|
Безусловно, людей французской революции вдохновляла ненависть к тирании, они не в меньшей степени рвались сражаться против угнетения, чем те, кто, по замечательным словам Дэниэла Уэбстера , "пошел воевать за преамбулу" (первые абзацы Декларации независимости) и "семь лет сражался за декларацию". Против тирании и угнетения, а не против эксплуатации и бедности они утвердили права народа, из согласия которого в соответствии с римской Античностью, служившей основой для воспитания революционного духа, всякая власть должна вырабатывать свою собственную легитимность. В политическом отношении они не обладали властью и потому принадлежали к угнетенным, они ощущали свою сопричастность страданиям народа и потому не нуждались в излишнем выражении своей солидарности с ним.
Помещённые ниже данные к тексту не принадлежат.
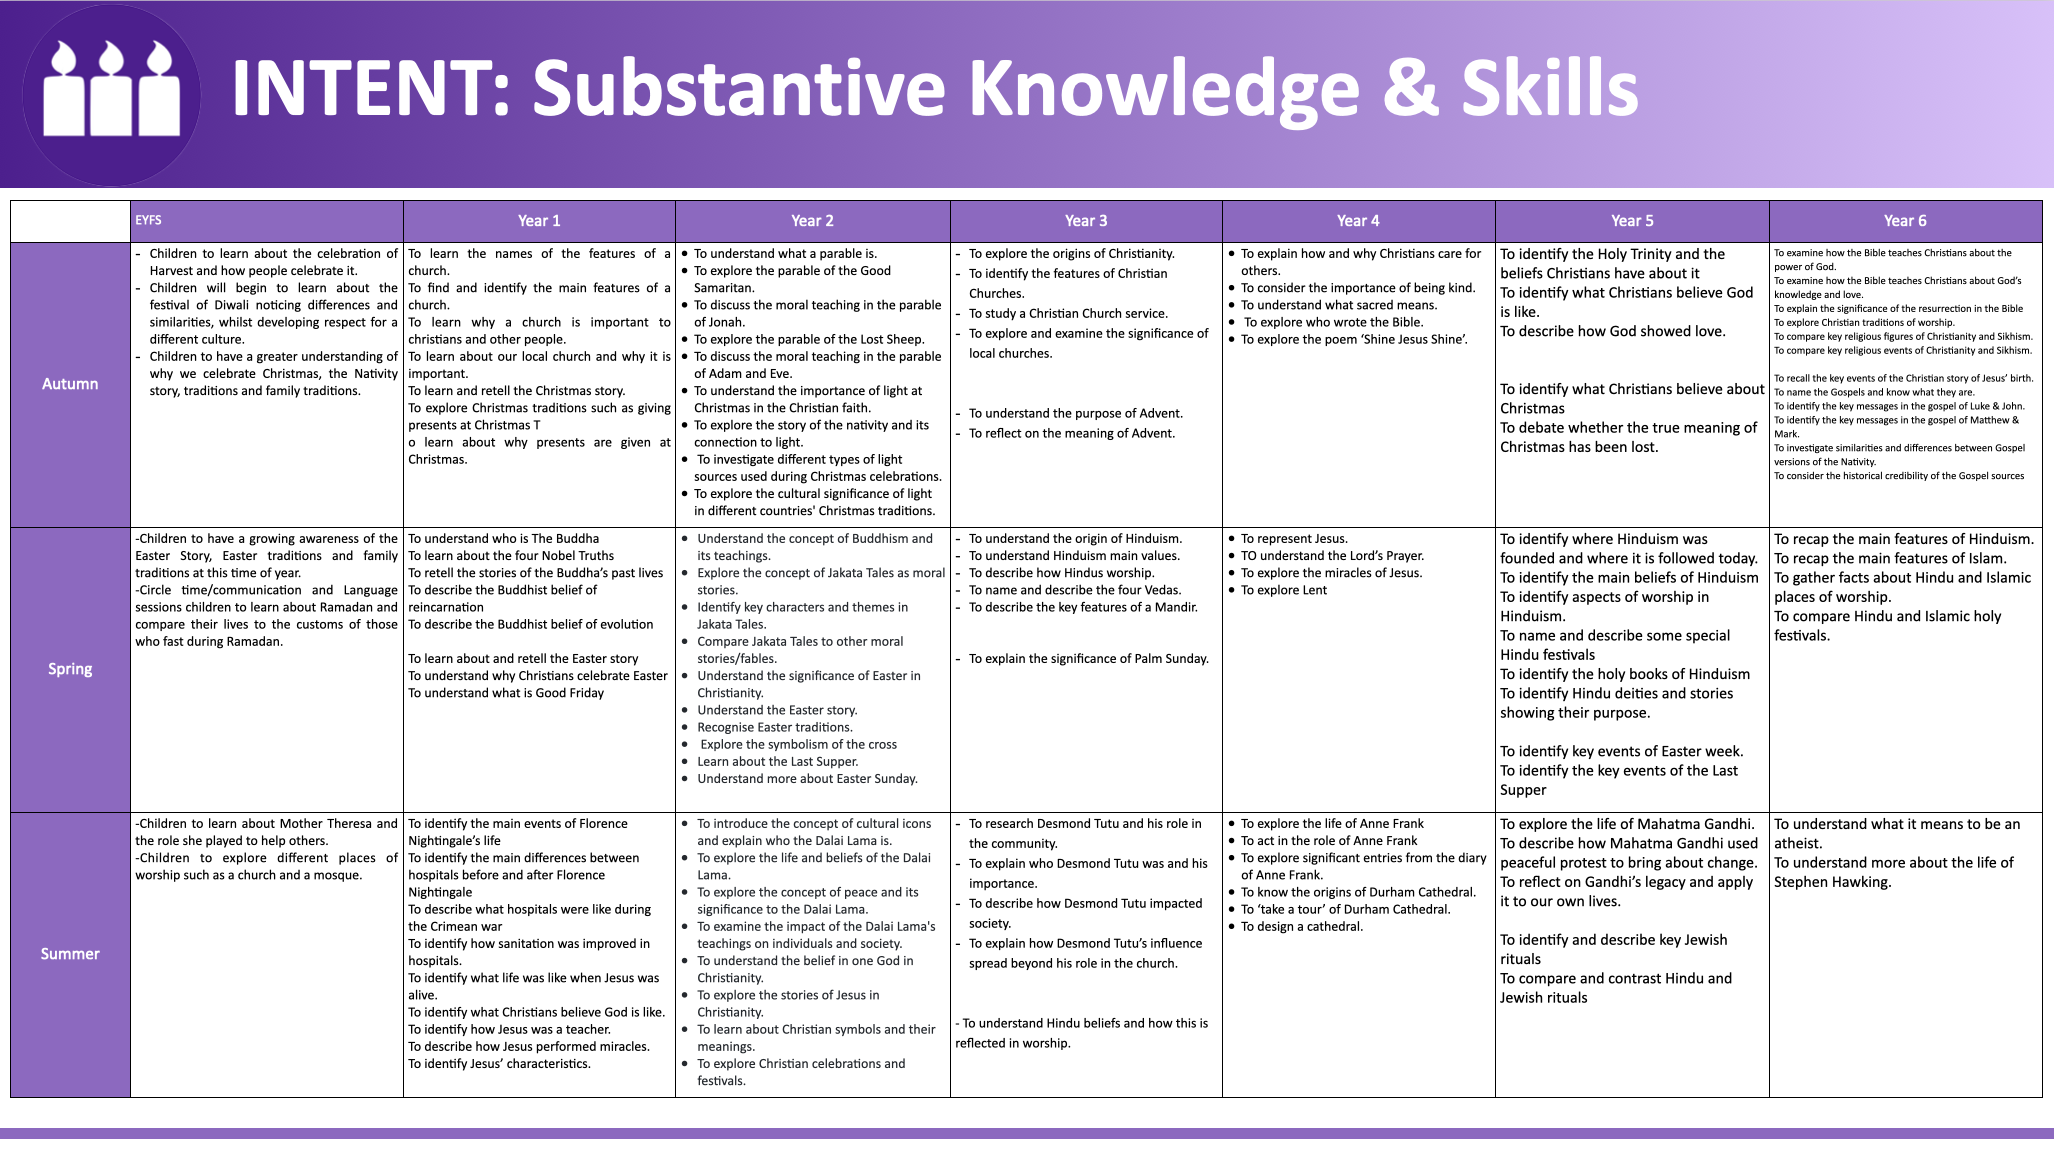 Substantive Knowledge and Skills

Они возглавили народ не потому, что хотели сделать что то для него (будь то из любви или ради получения власти над ним); они говорили и поступали как представители народа в общем деле. И тем не менее то, что оставалось само собой разумеющимся на протяжении тринадцати лет американской революции, очень скоро обернулось чистой воды фикцией в ходе революции французской.
Во Франции падение монархии не повлияло на отношения между правящими и подвластными, между правительством и нацией, и любое изменение государственного строя не в состоянии было устранить пропасть между ними. Революционные правительства, которые в этом смысле не отличались от своих предшественников, не являлись ни правлением "народа", ни правлением "через народ", в лучшем случае они были правлением "для народа" , а в худшем "узурпацией суверенной власти" самозваными представителями, занявшими положение "абсолютной независимости по отношению к нации" . Неожиданным фактом, обнаружившимся уже после того, как революция набрала ход, было то, что основное различие между нацией и ее представителями во всех фракциях заключалось не столько в "добродетели и гении", как на то надеялись Робеспьер и другие, а в имущественном положении. Лишь для немногих освобождение от тирании обернулось свободой. Остальные же едва ли ощутили какие либо перемены в своем тяжелом положении. Именно им надлежало быть освобожденными вновь, и в сравнении с освобождением от ярма необходимости, освобождение от тирании должно было показаться детской игрой. Однако в этом повторном освобождении люди революции и народ, который они представляли, находились по разные стороны, они не были сплочены общим делом, и, чтобы солидаризировать их, требовалось особое усилие, названное Робеспьером "добродетелью". Это не была добродетель римлян; ее целью не являлась res publica, и она не имела ничего общего со свободой. Эта добродетель была призвана заботиться о благоденствии народа, отождествлять собственную волю с его волей il faut une volonte UNE , и это усилие было направлено прежде всего на счастье многих. После падения Жиронды уже не свобода, а счастье многих стало "новой идеей в Европе" (Сен Жюст).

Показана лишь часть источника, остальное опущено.